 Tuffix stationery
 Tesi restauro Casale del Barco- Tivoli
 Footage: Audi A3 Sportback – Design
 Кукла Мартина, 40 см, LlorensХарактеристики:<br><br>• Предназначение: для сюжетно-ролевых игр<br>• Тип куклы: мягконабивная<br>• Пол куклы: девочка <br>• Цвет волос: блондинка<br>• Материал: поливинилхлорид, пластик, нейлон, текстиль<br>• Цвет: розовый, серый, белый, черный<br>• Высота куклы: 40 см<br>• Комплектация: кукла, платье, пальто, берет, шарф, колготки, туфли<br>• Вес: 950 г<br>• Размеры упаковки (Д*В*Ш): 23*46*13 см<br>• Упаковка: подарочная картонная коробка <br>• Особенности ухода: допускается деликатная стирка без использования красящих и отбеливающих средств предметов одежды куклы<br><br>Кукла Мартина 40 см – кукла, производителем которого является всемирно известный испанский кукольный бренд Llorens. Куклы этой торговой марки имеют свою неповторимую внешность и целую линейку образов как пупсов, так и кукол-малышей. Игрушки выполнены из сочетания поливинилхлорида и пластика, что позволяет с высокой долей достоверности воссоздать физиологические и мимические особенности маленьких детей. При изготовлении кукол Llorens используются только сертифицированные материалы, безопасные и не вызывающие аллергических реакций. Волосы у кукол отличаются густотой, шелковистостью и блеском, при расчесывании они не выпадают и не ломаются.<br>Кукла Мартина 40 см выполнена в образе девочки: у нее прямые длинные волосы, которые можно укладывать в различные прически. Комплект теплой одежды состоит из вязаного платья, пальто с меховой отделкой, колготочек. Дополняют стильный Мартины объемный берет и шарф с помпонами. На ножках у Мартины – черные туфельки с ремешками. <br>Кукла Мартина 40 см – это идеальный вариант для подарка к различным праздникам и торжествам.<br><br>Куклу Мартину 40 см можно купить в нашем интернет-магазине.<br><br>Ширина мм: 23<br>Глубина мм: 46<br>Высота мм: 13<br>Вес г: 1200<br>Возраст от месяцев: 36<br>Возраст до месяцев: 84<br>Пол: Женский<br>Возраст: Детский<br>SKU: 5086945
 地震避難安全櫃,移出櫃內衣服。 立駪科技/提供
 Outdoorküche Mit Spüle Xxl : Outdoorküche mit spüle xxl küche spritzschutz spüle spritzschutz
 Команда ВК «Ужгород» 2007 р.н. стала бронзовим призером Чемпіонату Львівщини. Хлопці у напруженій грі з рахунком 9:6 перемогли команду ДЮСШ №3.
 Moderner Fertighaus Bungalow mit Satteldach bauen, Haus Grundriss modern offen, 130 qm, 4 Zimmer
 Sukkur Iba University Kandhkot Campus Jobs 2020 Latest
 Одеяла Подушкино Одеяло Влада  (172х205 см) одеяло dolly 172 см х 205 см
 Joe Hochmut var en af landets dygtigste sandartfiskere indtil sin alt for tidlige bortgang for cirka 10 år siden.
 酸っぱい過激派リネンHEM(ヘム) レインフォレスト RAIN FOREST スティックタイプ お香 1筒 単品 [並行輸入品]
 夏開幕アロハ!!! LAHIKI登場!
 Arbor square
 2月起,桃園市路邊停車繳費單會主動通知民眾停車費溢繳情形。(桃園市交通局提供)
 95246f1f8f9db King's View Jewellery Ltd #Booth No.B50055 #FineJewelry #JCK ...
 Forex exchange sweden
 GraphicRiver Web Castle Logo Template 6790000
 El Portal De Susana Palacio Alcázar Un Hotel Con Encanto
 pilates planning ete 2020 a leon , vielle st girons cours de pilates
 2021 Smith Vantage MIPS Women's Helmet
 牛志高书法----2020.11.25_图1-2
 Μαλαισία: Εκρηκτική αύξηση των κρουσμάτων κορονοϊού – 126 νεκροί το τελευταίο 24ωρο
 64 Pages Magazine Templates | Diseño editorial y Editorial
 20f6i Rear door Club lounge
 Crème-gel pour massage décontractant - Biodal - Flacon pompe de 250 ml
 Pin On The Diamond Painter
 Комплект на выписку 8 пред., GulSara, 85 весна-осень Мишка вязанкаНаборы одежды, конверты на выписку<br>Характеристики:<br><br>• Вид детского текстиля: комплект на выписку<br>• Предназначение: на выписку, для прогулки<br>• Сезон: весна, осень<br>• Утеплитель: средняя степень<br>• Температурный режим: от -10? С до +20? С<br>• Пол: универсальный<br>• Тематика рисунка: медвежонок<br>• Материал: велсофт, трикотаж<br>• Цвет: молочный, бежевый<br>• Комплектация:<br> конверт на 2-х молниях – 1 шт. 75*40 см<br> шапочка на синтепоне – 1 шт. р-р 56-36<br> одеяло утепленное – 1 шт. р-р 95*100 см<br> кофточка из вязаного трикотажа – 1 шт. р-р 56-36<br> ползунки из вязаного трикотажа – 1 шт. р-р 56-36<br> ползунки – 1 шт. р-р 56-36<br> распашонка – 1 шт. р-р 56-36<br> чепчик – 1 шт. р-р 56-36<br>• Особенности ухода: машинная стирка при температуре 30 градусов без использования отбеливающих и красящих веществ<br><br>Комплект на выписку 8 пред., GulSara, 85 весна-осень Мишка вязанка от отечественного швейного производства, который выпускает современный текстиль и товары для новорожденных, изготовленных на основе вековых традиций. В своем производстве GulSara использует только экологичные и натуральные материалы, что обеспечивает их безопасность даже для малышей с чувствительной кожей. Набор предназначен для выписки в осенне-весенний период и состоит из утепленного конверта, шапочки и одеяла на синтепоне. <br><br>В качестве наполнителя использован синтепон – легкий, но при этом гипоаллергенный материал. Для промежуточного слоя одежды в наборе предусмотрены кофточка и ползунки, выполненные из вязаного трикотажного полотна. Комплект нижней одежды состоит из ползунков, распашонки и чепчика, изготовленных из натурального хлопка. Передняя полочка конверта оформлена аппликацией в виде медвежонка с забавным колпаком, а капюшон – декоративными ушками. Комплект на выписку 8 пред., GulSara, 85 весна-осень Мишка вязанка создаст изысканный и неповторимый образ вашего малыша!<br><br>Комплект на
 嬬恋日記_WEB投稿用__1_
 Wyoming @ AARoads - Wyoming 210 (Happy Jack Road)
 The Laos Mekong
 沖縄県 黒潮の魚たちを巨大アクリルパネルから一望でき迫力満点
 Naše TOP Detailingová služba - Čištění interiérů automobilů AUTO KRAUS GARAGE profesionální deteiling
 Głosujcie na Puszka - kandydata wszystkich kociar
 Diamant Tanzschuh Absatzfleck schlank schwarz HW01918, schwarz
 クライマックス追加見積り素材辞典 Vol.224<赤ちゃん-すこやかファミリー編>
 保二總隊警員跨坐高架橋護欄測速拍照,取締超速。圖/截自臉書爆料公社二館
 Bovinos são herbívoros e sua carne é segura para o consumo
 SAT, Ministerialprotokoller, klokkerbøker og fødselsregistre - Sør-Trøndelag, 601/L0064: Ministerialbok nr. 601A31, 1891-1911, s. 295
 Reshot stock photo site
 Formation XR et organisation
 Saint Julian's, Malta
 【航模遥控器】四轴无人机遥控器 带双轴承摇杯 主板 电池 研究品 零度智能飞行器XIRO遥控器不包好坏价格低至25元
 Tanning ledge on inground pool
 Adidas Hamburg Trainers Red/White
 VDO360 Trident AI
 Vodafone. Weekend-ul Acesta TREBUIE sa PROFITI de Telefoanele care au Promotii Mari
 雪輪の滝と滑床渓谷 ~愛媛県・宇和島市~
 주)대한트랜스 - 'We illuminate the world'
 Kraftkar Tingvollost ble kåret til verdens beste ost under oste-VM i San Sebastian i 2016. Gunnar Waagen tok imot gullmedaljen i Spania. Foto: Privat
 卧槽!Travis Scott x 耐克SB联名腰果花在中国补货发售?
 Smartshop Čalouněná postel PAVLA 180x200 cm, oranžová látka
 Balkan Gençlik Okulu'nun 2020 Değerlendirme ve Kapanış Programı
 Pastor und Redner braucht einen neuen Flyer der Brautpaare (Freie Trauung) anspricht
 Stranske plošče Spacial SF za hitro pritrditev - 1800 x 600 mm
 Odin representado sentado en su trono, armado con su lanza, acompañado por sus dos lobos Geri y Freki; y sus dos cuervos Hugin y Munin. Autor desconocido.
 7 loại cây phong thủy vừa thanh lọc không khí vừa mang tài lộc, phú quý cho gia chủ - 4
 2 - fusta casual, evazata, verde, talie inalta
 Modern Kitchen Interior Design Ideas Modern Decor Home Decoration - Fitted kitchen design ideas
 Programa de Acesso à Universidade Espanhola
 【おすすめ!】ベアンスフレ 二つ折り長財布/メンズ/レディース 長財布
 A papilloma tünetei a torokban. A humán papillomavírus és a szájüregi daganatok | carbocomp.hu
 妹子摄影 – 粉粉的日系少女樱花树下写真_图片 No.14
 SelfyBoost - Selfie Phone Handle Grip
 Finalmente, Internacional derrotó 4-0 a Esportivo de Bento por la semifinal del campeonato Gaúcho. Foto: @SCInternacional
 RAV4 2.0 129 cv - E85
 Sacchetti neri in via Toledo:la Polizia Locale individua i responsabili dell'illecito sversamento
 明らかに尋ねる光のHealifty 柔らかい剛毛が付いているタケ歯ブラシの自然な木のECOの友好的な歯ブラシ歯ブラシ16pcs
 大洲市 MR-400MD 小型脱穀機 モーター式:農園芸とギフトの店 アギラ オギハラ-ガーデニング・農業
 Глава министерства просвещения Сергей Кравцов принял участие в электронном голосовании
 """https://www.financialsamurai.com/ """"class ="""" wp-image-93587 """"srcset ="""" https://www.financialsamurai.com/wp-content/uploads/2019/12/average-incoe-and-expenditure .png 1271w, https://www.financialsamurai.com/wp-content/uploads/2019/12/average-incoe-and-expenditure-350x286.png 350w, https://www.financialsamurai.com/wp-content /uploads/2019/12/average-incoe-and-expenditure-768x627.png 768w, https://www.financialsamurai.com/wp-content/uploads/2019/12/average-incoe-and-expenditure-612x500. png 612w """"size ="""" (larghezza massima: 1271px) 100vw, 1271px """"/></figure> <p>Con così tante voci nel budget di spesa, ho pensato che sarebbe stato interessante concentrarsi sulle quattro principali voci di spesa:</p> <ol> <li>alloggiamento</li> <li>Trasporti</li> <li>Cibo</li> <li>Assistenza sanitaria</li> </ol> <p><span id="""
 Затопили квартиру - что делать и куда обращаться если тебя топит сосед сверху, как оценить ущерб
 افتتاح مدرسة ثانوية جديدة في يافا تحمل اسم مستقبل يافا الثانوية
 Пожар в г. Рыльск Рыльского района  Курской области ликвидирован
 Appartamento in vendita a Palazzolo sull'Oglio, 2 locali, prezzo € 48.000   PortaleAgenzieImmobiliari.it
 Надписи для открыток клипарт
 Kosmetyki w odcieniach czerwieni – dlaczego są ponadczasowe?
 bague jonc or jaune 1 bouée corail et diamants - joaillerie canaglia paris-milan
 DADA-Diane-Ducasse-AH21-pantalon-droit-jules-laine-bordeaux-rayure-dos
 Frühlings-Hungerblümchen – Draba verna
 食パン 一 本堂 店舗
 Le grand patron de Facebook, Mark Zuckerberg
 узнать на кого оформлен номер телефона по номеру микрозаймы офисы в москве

※

▶ What the task asks: Beginning with the line containing "Moderner Fertighaus Bungalow" in the material above, copy every line exactly until you have copied the line containing "Joe Hochmut var".

▶ Result:
 Moderner Fertighaus Bungalow mit Satteldach bauen, Haus Grundriss modern offen, 130 qm, 4 Zimmer
 Sukkur Iba University Kandhkot Campus Jobs 2020 Latest
 Одеяла Подушкино Одеяло Влада  (172х205 см) одеяло dolly 172 см х 205 см
 Joe Hochmut var en af landets dygtigste sandartfiskere indtil sin alt for tidlige bortgang for cirka 10 år siden.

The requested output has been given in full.